Unless last-ditch appeals are successful, the next person to be executed in the United States of America is going to be Kwame Rockwell. The Texas Department of Criminal Justice has scheduled his execution for October 24th. The state had planned to execute Rockwell along with another prisoner, Juan Segundo, but Segundo's death was stayed by the Texas Court of Appeals. Together, the cases epitomize deep problems with enforcement of the death penalty. Both prisoners are people of color in a state where prosecutors overwhelmingly only seek the death penalty against non-white offenders, and both are disabled. Segundo has an intellectual disability, and last year the Supreme Court finally established clarity around diagnostic standards required to exempt people with such conditions. Rockwell has schizophrenia. His lawyers didn't bring it up at trial, and appeals courts refused to consider his condition.
America still doesn't have clear protections for people with severe mental illness. These two cases in Texas remind us of the unfortunate diagnostic limitations that protect only some people with disabilities from the death penalty. (Of course, it's also long past time to just abolish the death penalty altogether.)

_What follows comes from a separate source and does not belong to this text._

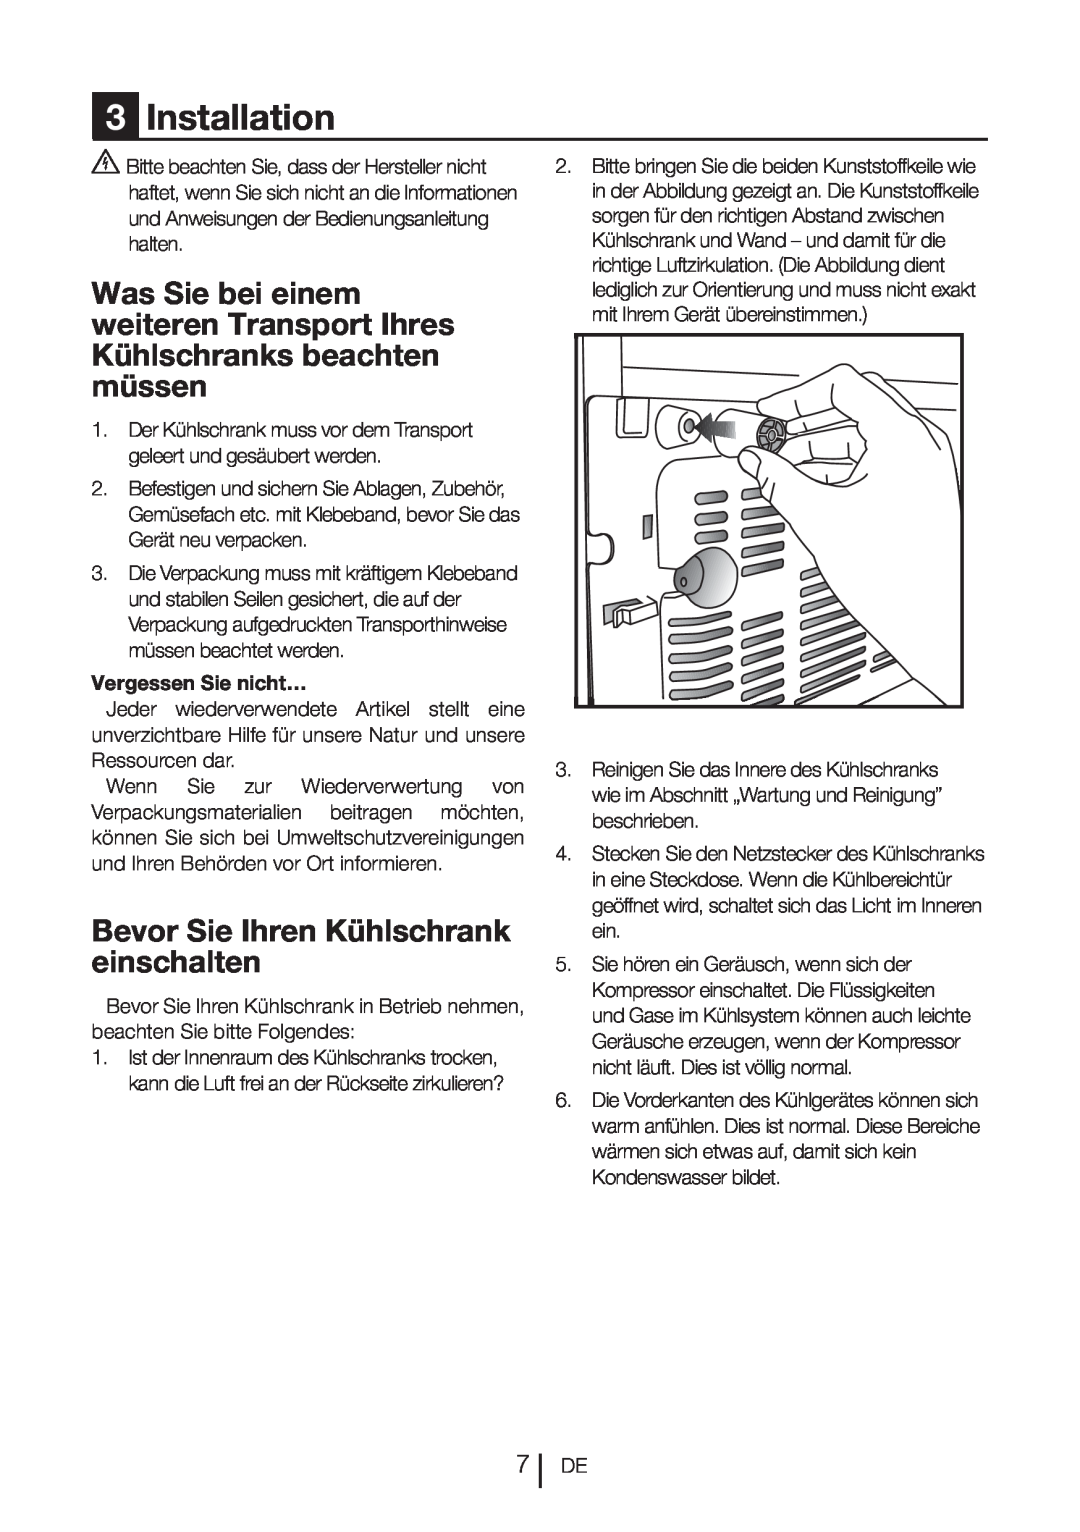 Blomberg DND 9977 PD manual Bevor Sie Ihren Kühlschrank einschalten, 3Installation, Vergessen Sie nicht…

Last year, Arkansas announced plans to kill eight prisoners in a rush before their lethal injection drugs could expire; the state actually executed four. The first to die was Ledell Lee, an African-American man with fetal alcohol syndrome. He might have been innocent. After his death, I started to ask a simple question of experts who provide and organize legal defense for condemned prisoners: How many people on death row are disabled? The answer came back unanimously: pretty much all of them. The news last spring wasn't all bad, though. About a week before Lee's execution, the Supreme Court struck down the "Lennie Standard," by which Texan judges could issue the death penalty as long as a convicted man's mental capacity was higher than that of the fictional character Lennie in John Steinbeck's Of Mice and Men. In Moore v. Texas, the court demanded instead that states use the best available medical experts in assessing intellectual disability. There's still plenty of room for bias in that medical model, but it's better than using literary analysis to decide life and death.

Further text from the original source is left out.